Project Management Institute

Digital Exclusive: Make Reality - Questions with Alexis Ohanian

Make Reality - Questions with Alexis Ohanian

Internet entrepreneur Alexis Ohanian is immersed in new projects after recently stepping down from Reddit, the popular social news website he cofounded with his college roommates in 2005.

Speaking to PMI at a recent session of the Virtual Experience Series (VES), Ohanian described how project management plays a role in both his personal and professional life, the new venture he is working on, and a future project he would like to make reality. 

PMI: When did you first realize the importance of project management skills?

Ohanian: In high school, I was a pretty good student, but I did the least amount of work possible to get the best possible grades. I didn't exercise the muscles of project management that much. Probably, the most I did was planning activities for video game teams. I was the administrator and a team leader, so I'd organize things and set goals for tournaments. It was really in college when I actually started to understand that we have a team and we need to be aligned to accomplish a goal and actually run the steps of the process to manage a project from idea to execution. One of the best things that came out of my four years at the University of Virginia was getting real experience doing project management in the undergrad business school, McIntire. We’d form a team and say, “All right, we have members with different ambitions, all having to come together and, hopefully, turn in something at the end of the semester that we are proud of.” I realized this is how we actually launch a startup and build a business. After graduating, when I was starting my first company, Reddit, that was when it really leveled up. It was very obvious that being successful at project management was the only way I was going to be able to build the company.  

PMI: What is the most challenging project you're managing right now?

Ohanian: There's no shortage of interesting and challenging projects to be managed personally and professionally. The biggest one on my mind now is a new fund that I'm raising [Seven Seven Six is an investment fund, named for the year 776 B.C. when the Olympics were first held]. My favorite part of starting a business is working with a blank canvas for the first three to six months. However, my team and I need to be deliberate about it by staying on top of all the different projects and having them funnel up to an outcome that we're proud of at the end of the day.

PMI: What's the most significant project you've ever worked on?

Ohanian: The most significant project that I've ever worked on, I guess, would be Reddit. But I hope it will be this new one that we're working on right now, Seven Seven Six, which has some pretty lofty goals. 

I should mention I treated planning for my wedding as a major project. [Ohanian married tennis superstar Serena Williams in 2017.] We had shared documents and spreadsheets—all that stuff. I just feel comfortable in project management mode, which is not always the most romantic, but it's worth it.

PMI: What is a key project management lesson you learned?

Ohanian: It’s important to get your team on board. You can do a lot of it in isolation, but you'll only get so far—you'll get a lot further working together. Part of that comes from getting buy-in from your team and using the right tools to make sure you have accountability. It’s a tricky thing and something I’ve definitely gotten better at over the years.

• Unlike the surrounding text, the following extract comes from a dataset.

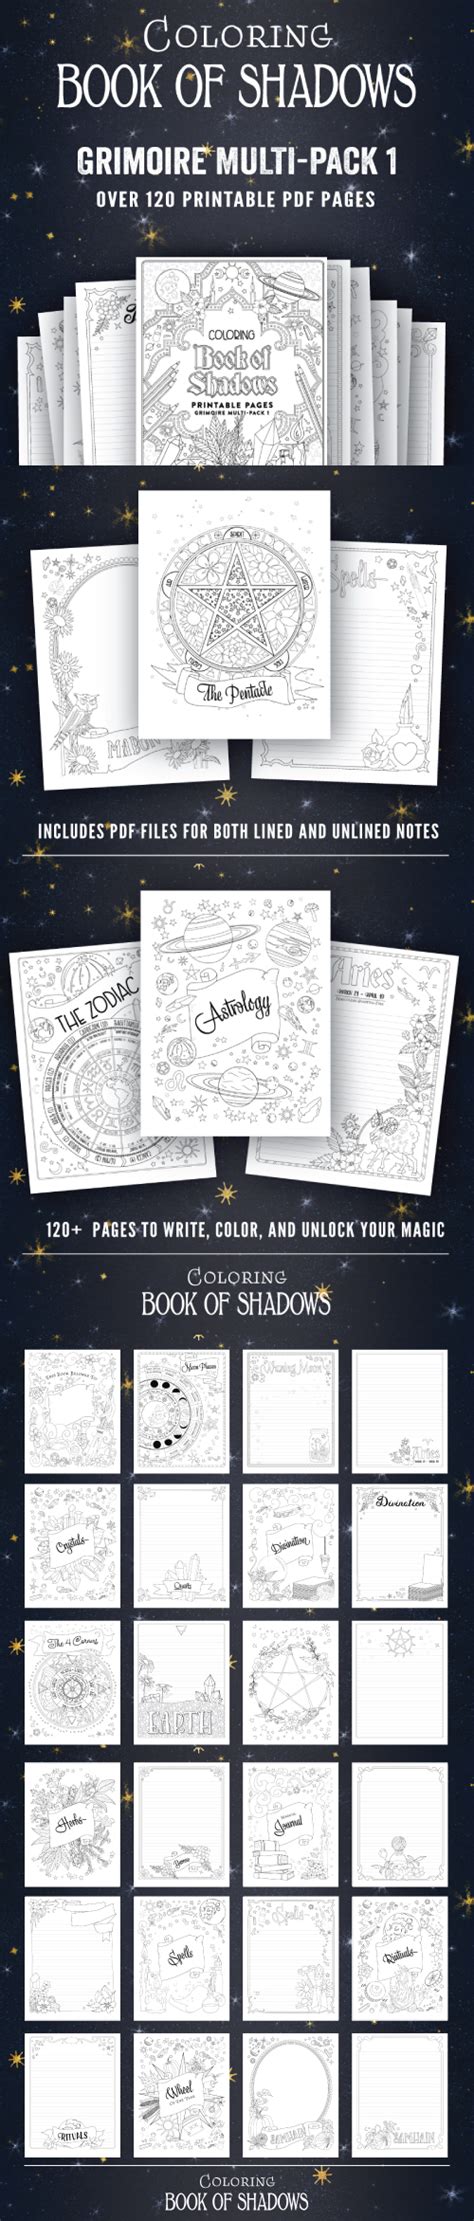 printable book of shadows pages free
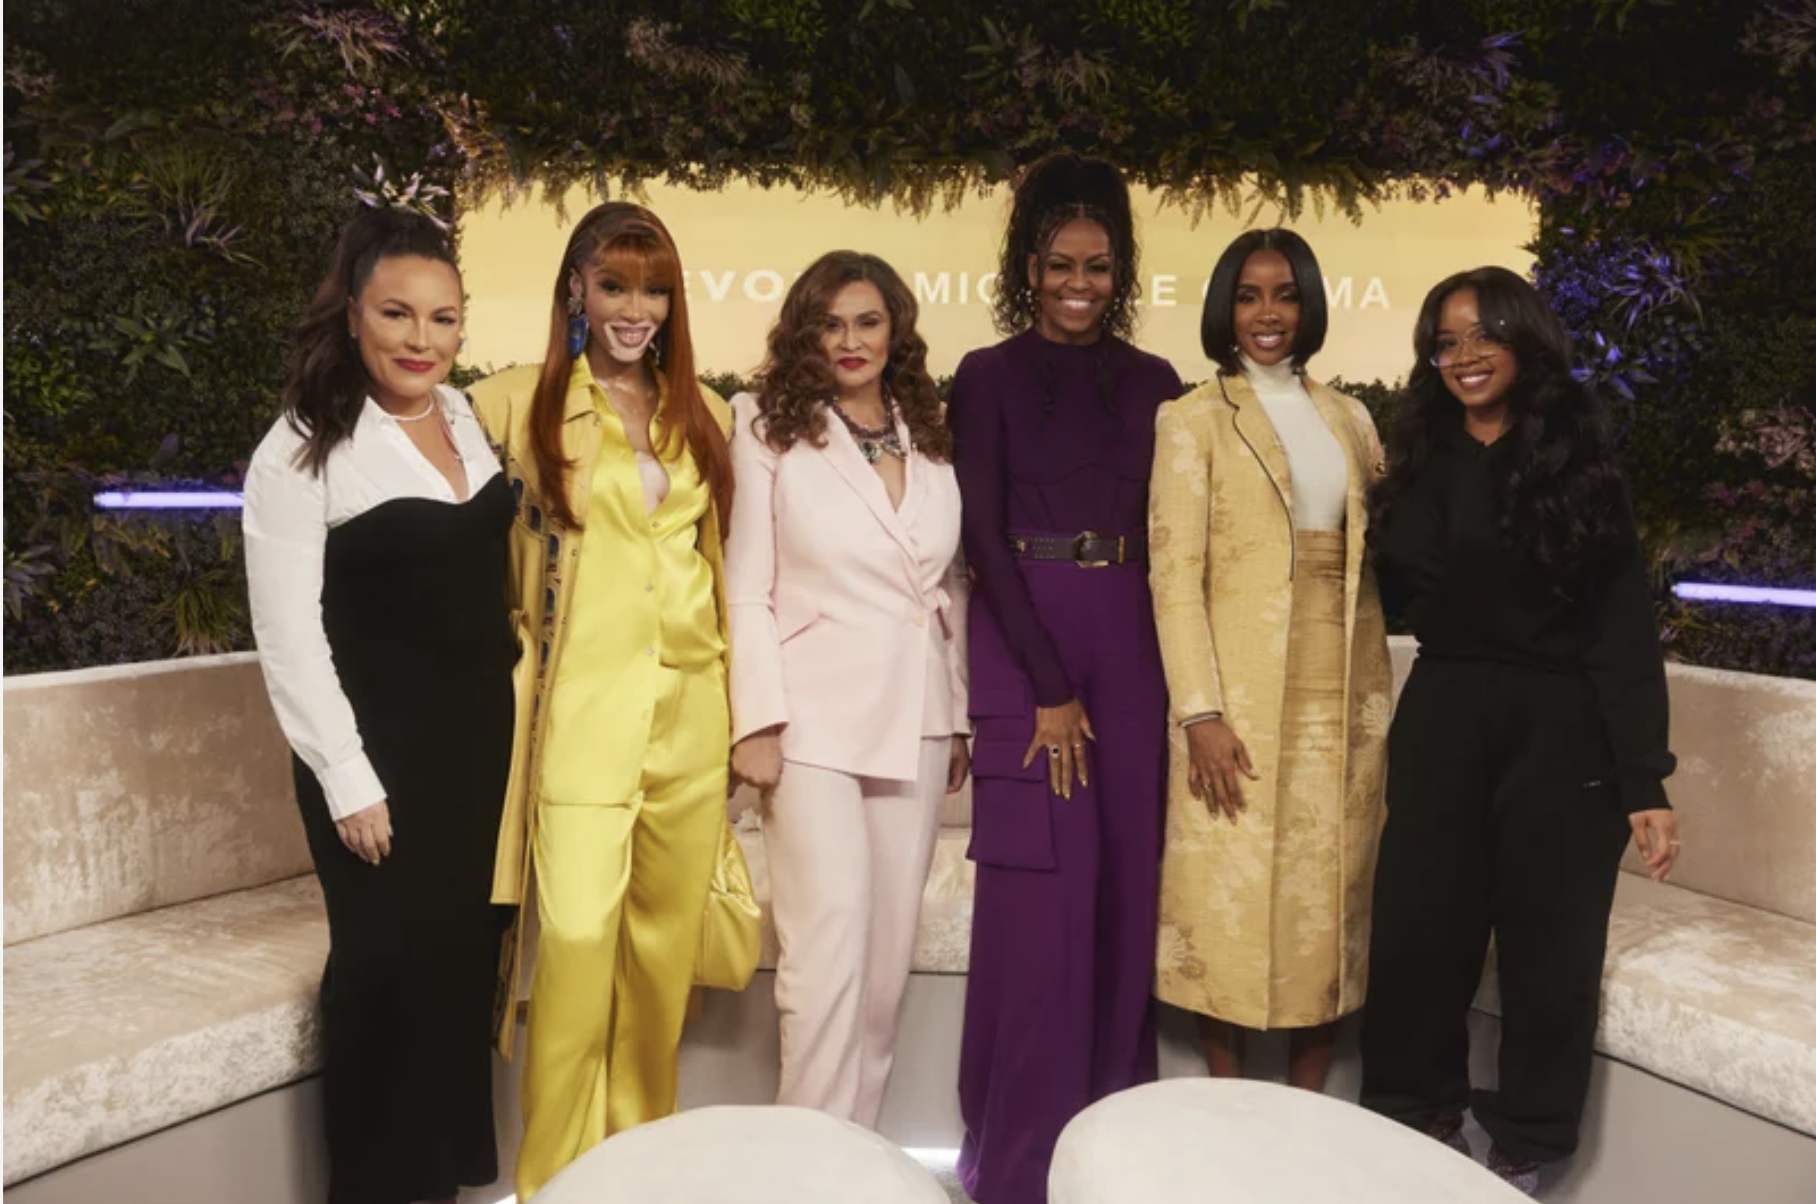 REVOLT x Michelle Obama: Angie Martinez Hosts Special Featuring Forever FLOTUS, Kelly Rowland, Tina Knowles-Lawson, Winnie Harlow & H.E.R.

If you're trying something really ambitious, it may take a few years or even a decade to accomplish. So it’s important to have accountability because it's the only way you'll know you're making progress toward your goal. Accountability keeps people aligned, keeps them motivated and helps the team understand what they've done but also where they still need to go.

PMI: What is one project where you felt that you were practicing agility? 

Ohanian: Doing early stage investing, there is a lot of context switching, where over the course of a day, I could see five pitches, and each pitch involves a different industry, a different product and a different founder and team. There is a kind of agility required from me and the team. We need to be able to context switch every hour or so to some other company that we're evaluating or that we've invested in and are working with, in order to really be valuable and helpful to them. It’s a gift and a curse of the age we live in that we’re one tab away from another distraction—it’s made it a lot more natural, and we have a greater ability for that kind of rapid context switching. 

PMI: What is a moonshot idea that you’d love to assemble a team around and make reality?

Ohanian: I can’t do a rocket company because that’s taken. It would have to be something environmental around climate change. I don’t have experience with this sort of thing, but I would love to be able to fund a team with the ambition to have a huge impact on climate change through technology. I believe climate change is an existential threat that's going to affect all of us, and disproportionately, it will affect the disenfranchised and the poor. It’s probably one of the most important things I could be working on—so that would be it.